We’ve had a number of guests visit us since we’ve kicked off Big Data & Brews and one thing that I always like to ask them about is what kind of use cases they are seeing with their technology. Tune in below to hear what Ari Zilka of Hortonworks, Milind Bhandarkar of Pivotal, and Tomer Shiran and Ted Dunning of MapR had to say.
Ari Zilka, Hortonworks
Stefan:What are some of the most exciting used cases you see with the customers, especially around those integration, scenarios you just mentioned?
Ari:There’s some very mundane used cases that are exciting to the customers. Let me start there, like operational data store collapsing. I find most customers have hundreds to thousands, if you’re talking about a big Fortune 500 company. They will literally have thousands of copies of the same data, for compliance reasons usually. Different teams can have a piece of different pieces of data and they want to silo them for each other to have zero regulatory risk.

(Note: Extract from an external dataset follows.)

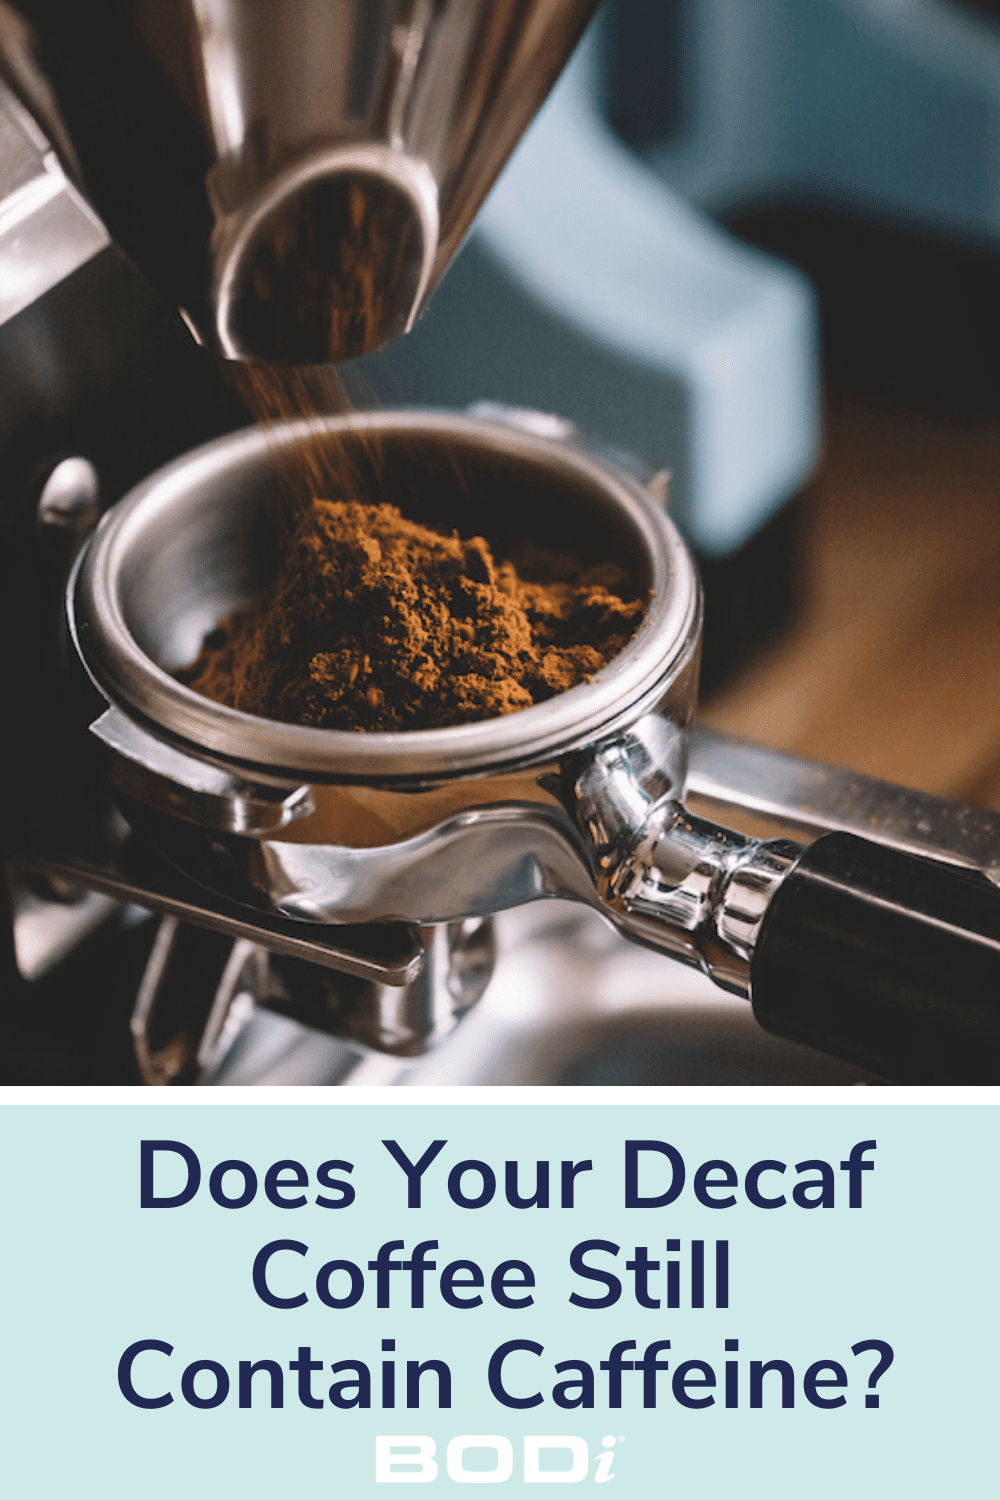 BODi Pin Image of Coffee Being Pressed | Decaf Coffee Caffeine

Our data lake architecture allows us to basically say, “You know what, you may have 3,000 files in Hadoop data lake but at least it’s just a data lake.” Sometimes it turns out we can collapse the redundancy down to … it’s just really three copies at the lake, usually you can because we can do column level encryption with the Columnar Store and we can say, “This guy is, based on log-in, is allowed to decrypt the column, this guy is not.” We do a lot of format preserving encryption. You can use the column to do analytics it’s just not the … like a Social Security Number it’s not the real one. It’s just a unique one processing.

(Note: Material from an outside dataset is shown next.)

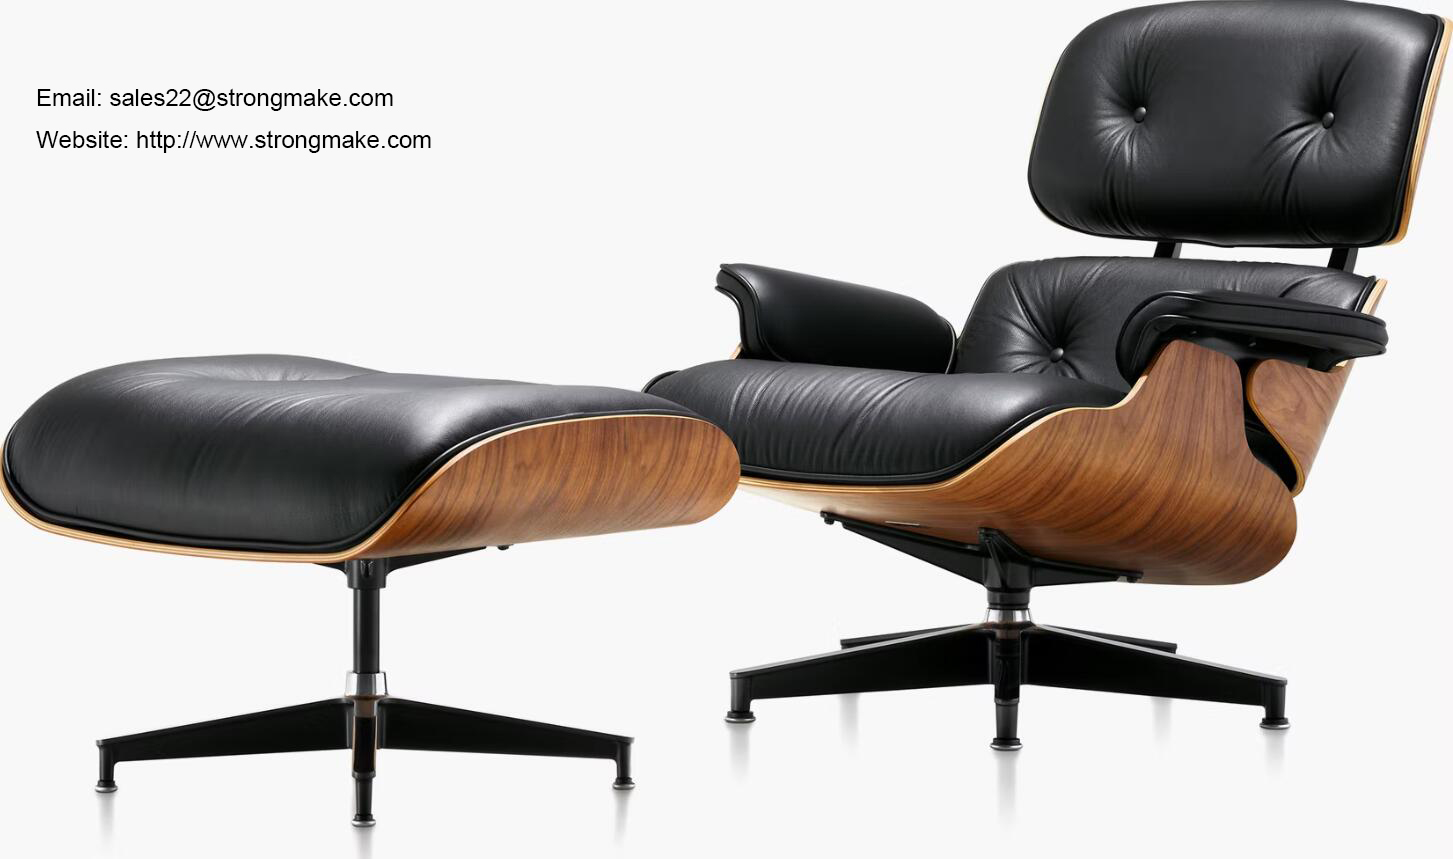 STRONGMAKE 8026 Eames Lounge Chair Replica

The mundane used cases are collapsing out all these redundant copies of data that saves people a lot of money. The sexy used cases are Data Science, like I just spoke to our Head of Data Science before coming to meet you and he found … for example … I can’t say which customer this is with [00:08:00] but in health care he built a new algorithm in Hadoop. He on-boarded all these structured data sources, forget Hadoop for unstructured data. This is all databases and then some Office style documents like PDF’s of X-rays and things like that from hospitals.
Stefan:Maybe doctor notes, who knows?
Ari:You bring all these data in. You do some natural language processing. You do some pharmacy history data analysis and he found that he could write an algorithm literally, NR, he could write and algorithm that found the relationship between diseases and drugs. These are the drugs people take and these are the diseases they have and these are drug … the time correlation between them and he started asking questions of this health care provider’s doctor.
He said, “There’s something very strange going on. It seems like anyone who has atherosclerosis, calcification of the arteries … There’s a very strong correlation between them and taking flu medication.” The doctor said, “What are you talking about? That makes no sense.”
They started looking into it and a week later the doctors came back and said, “You know what, the calcification gets really, really bad for someone on the flu. The arteries hardened for a short period of time even worse than when they were hardening in the natural state of that person’s health before and they will soften again a little bit after the flu passes but during the flu the arteries lock down and it’s an immune response and the person is at huge risk of heart attack.”
We figured out together with this health care provider that you could actually say, “If someone has atherosclerosis and they come to you with the flu you need to treat that as an emergency situation because if you don’t get that flu dealt with they could have a heart attack. More importantly is anyone with atherosclerosis should just get a flu vaccine every year [00:10:00] and not be at risk of catching the flu.”
Then he found something much more interesting, which is HIV positive patients were taking prescription only hyper fluoridated toothpaste in huge volumes and no doctor could tell him why and it turns out that the drug cocktails to treat HIV weaken the teeth. Dentists stepped in and prescribed hyper fluoridated toothpaste.
Stefan:Interesting. Isn’t it wonderful what you find out about it … things they don’t.
Milind Bhandarkar, Pivotal
Stefan:Now you’re working on this and you’re one of the really really early guys in the Hadoop space, and you’re working on this. Where was that moment when you had to pinch yourself, “I can’t believe people are doing this with software I wrote so many years ago?”
What’s the most amazing use case you saw?
Milind: First was not the use case. Once I started doing Hadoop evangelism outside of Yahoo! … by the way, the first Hadoop tutorial delivered anywhere was in ApacheCon in 2008 or 2009, I am forgetting, but this was in New Orleans.
Stefan:I was there.
Milind:It was sponsored by Candera. Christoff, Aron Kimpbell, Tom White, all of those actually were …
Stefan:Didn’t we go in the evening? Anyhow …
Milind:The French quarter thing, let’s push that out. Really, I was in [Usemix], the year after that. My tutorial proposal got accepted there. The next door there was a Solaris performance tuning tutorial going on with Richard McDougall.
Richard McDougall has written Solaris performance tuning books, all about Solaris. A really great guy. His tutorial had like six people attending them and my tutorial next door had something like 30 people attending. That’s the point where I basically realized …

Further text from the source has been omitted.